Member of the Council of Representatives (Bahrain), 3rd District, Muharraq Governorate
- Incumbent
- Assumed office 2018
- Monarch: Hamad bin Isa Al Khalifa
- Prime Minister: Khalifa bin Salman Al Khalifa
- Preceded by: Jamal Bou Hassan
- Parliamentary group: Independent

Personal details
- Born: Mohammed Issa Ahmed Abdullah Al-Abbasi
- Occupation: journalist

= Mohammed Isa Al Abbasi =

Bahraini politician and journalist

Mohammed Isa Al Abbasi (محمد عيسى العباسي) is a Bahraini politician and journalist.

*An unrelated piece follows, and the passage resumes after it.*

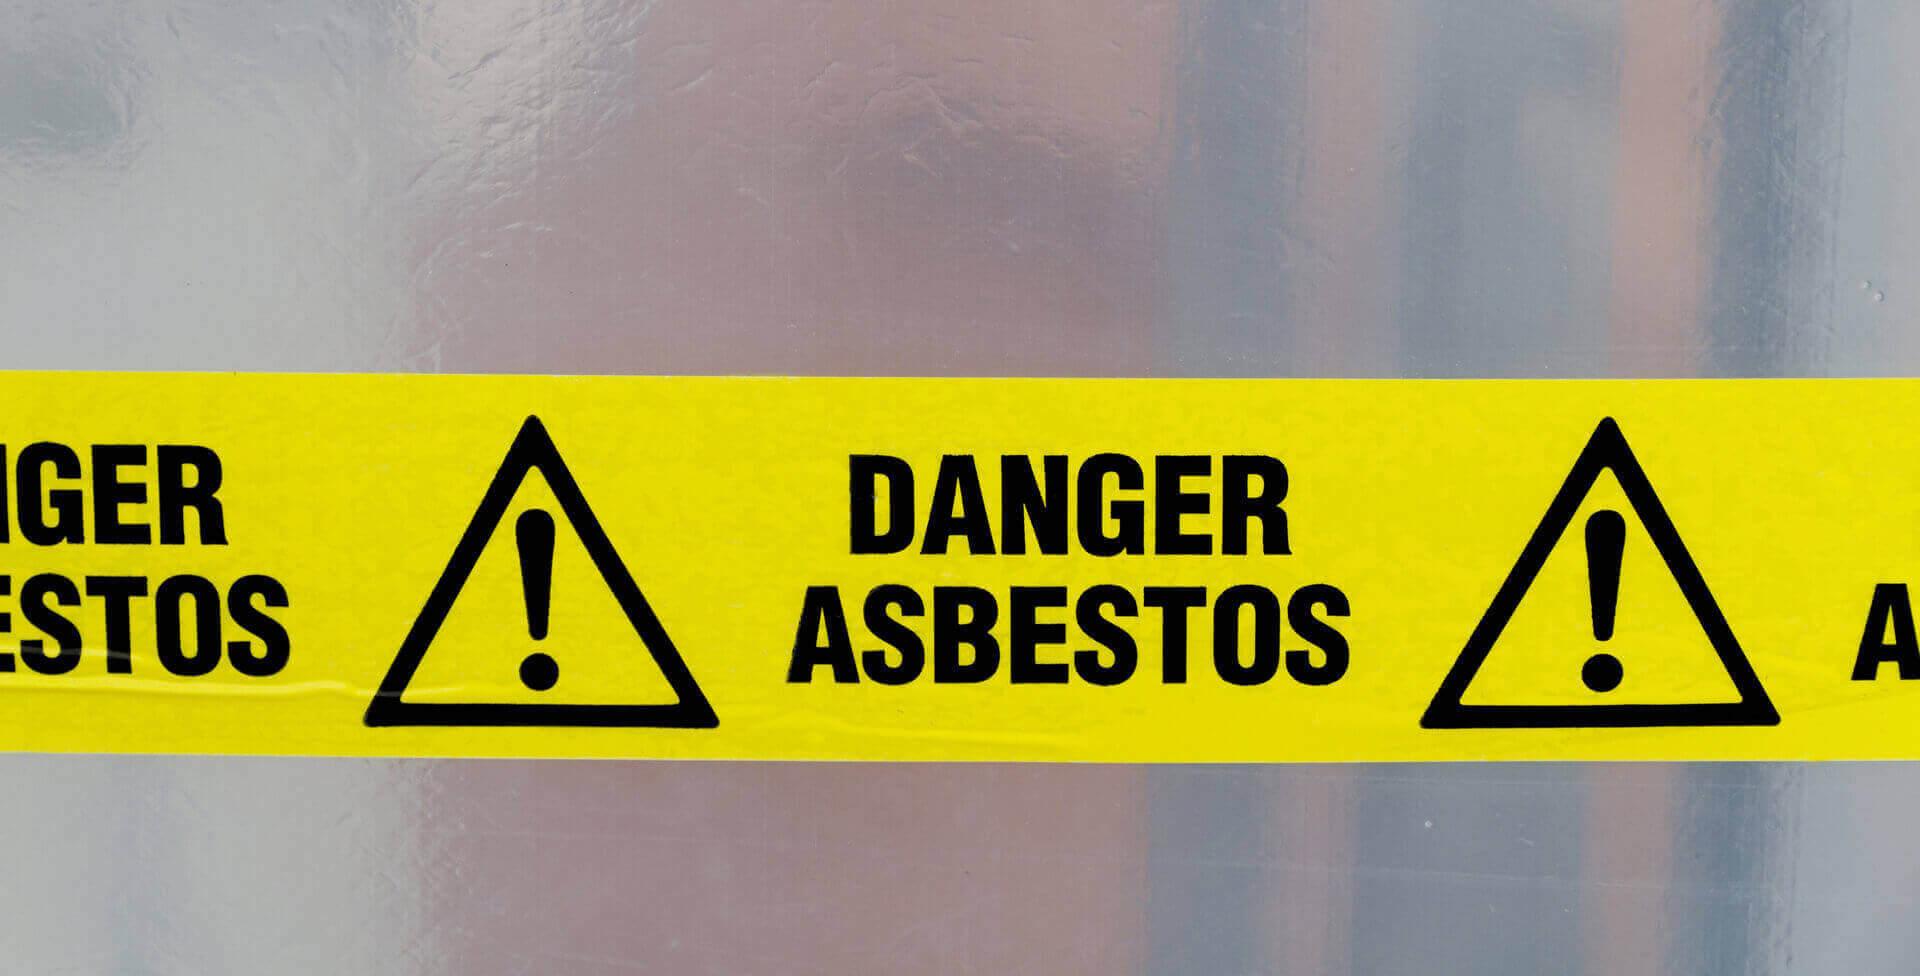 Asbestos Testing Auckland | Asbestos Testing Christchurch | Asbestos Management | Asbestos Management Plan

He was sworn into the Council of Representatives on December 12, 2018.

==Education==
Al Abassi graduated from Ahlia University.

==2011 protests==
During the Bahraini uprising of 2011, as a broadcaster on the TV channel of the Bahrain Radio and Television Corporation, Al Abassi took a firmly royalist stance which led to heavy opposition criticism. In 2013, he was suspended in a climate of increased rapprochement between the opposition and the House of Khalifa.

==House of Representatives==
Al Abassi entered politics by running in the 2018 Bahraini general election for the third constituency of the Muharraq Governorate in the national House of Representatives. He won 2,217 votes for 38.54% in the first round on November 24, necessitating a second round on December 1, in which he defeated Mohammed Al Alawi with 3,096 votes for 58.64%.